Rhabdomyosarcoma is a highly aggressive tumour that arises from mesenchymal cells. It has four subtypes, embryonal, alveolar, pleomorphic and spindle cells. RMS originates from soft tissue, primarily found in the head, neck, orbit, genitourinary tract, genitals, and extremities. Para testicular Rhabdomyosarcoma is 7% of RMS, it is a rare tumour arising from mesenchymal cells of the epididymis and spermatic cord. It is frequently occurring in children and young adults; it has a bimodal distribution with peaks at age 5 and age 16 just like our case [4]. The embryonal type is the most common and has a good prognosis if detected early. The recurrence rate is high, just like our case. The patient when right orchidectomy and one year later he had a recurrence with bilateral pulmonary nodules were seen on chest CT scan. Para testicular tumour presents as painless swelling in the scrotum, at the time of presentation mostly it has metastasised to reginal lymph node (iliac and paraaortic lymph nodes) or other organs mainly the lungs and bones by hematogenous spread [5].

It presents as a painless swelling, which could be ignored due to lack of education thus the late presentation of diseases at the time of consultation. A thorough scrotal examination with lymph node examination, general physical and systemic examination for metastasis should be carried out.

An inguino-scrotal ultrasound is performed for any scrotal swellings, this simple modality can help us in eliminating other differential diagnosis by telling us the nature of the mass. Usually, para-testicular RMS appears as a lobulated heterogenous mass. Mostly tumour markers assay is done for testicular swelling, but in the case of para testicular RMS they appear to be normal with occasionally a slight increase in LDH [6].

For staging the disease, locally advanced or metastasis, Thoraco Abdomen pelvis and MRI is the choice of modality. They can help us in treatment choices [7] The treatment should be multimodal, radical surgery, retroperitoneal lymph node dissection, radiotherapy and chemotherapy [8].

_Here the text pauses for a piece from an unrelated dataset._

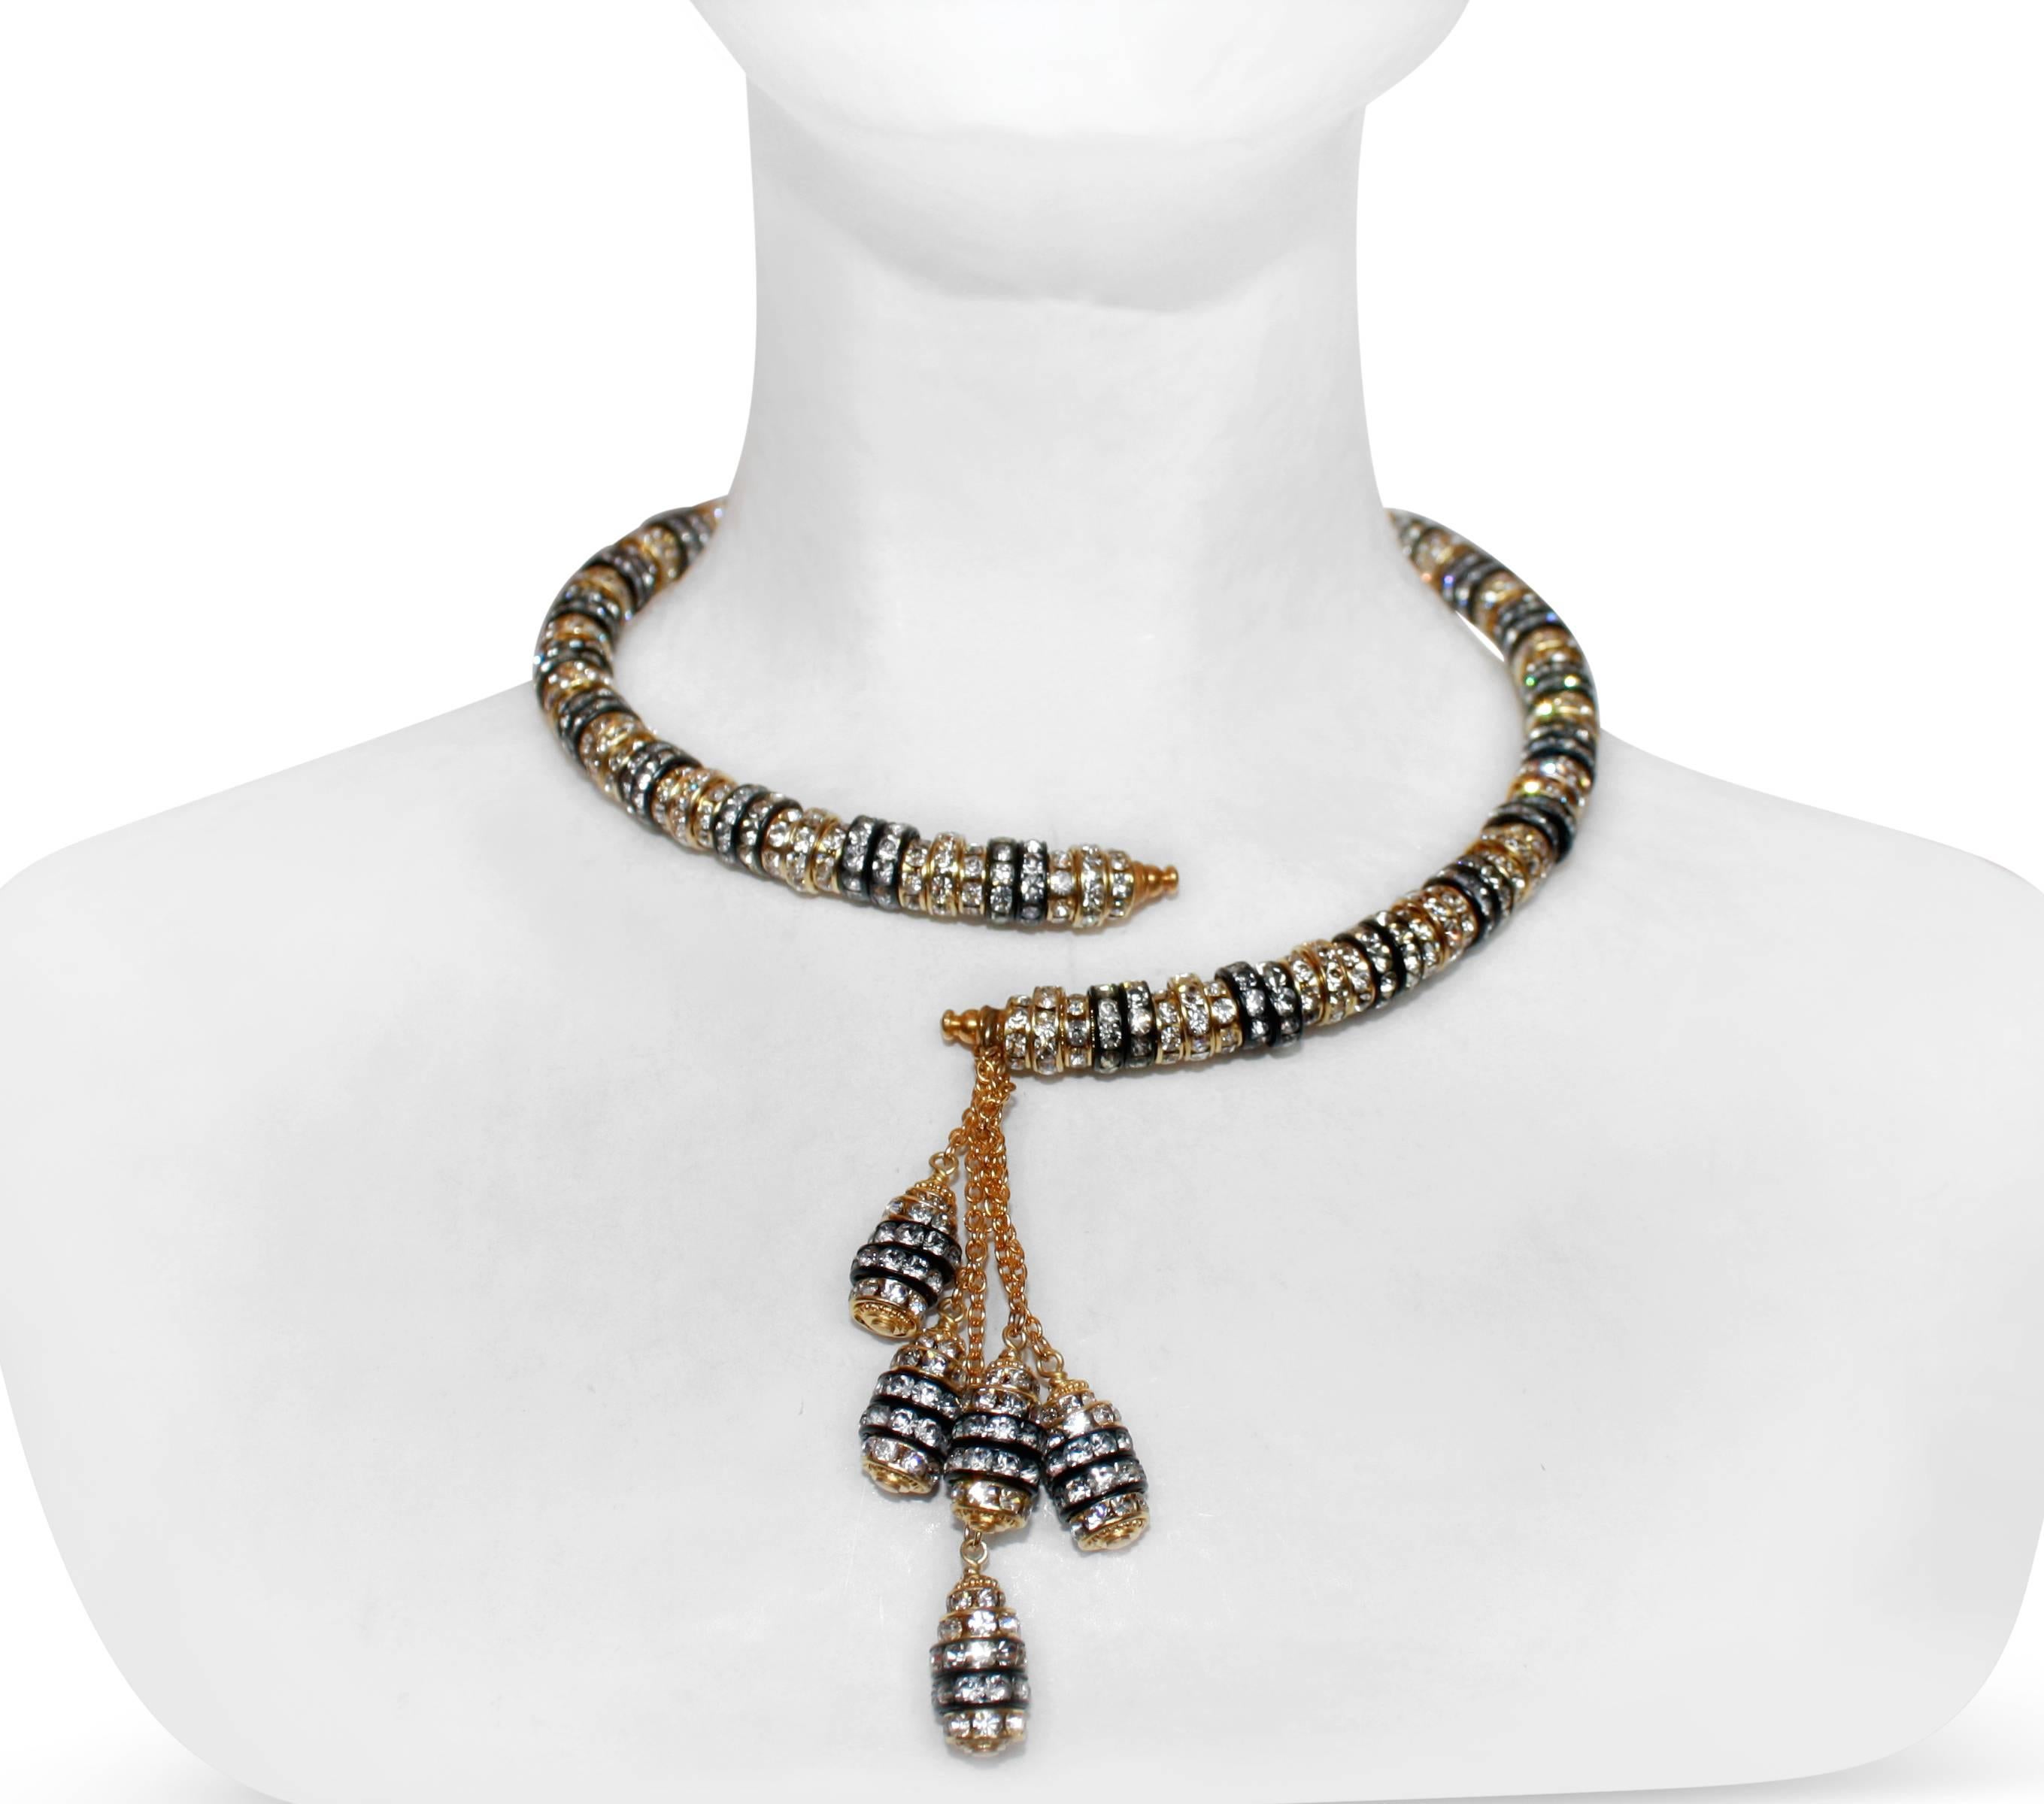 Swarovski Crystal rondelles set in a mix of yellow gold and rhodium are strung on molded wire, creating an easy to wear and elegant necklace from Francoise Montague.

Radical orchidectomy remains the first initial step in the treatment, which aids in the histological workup of the disease. Followed by chemotherapy with 4-6 cycles, different combinations can be used but Vincristine, cyclophosphamide, Adriamycin VAC is the most frequently used regimen. That remains effective as well [5]. Radiotherapy can be used for involvement of regional lymph nodes and metastatic disease. The outcome of children having para testicular RMS is better than adults after receiving the treatment [9].

Conclusion

Authors believe that the diagnosis of para testicular RMS can be challenging, and ultrasonography is a useful diagnostic tool and when physical examination alone is insufficient. The primary treatment involves radical orchiectomy, followed by adjuvant chemotherapy, commonly Actinomycin D, vincristine, and cyclophosphamide and, in some cases, radiotherapy.

Financial disclosure

No monetary sponsor was obtained for this study.

Conflict of interest

There is no conflict of interest to disclose.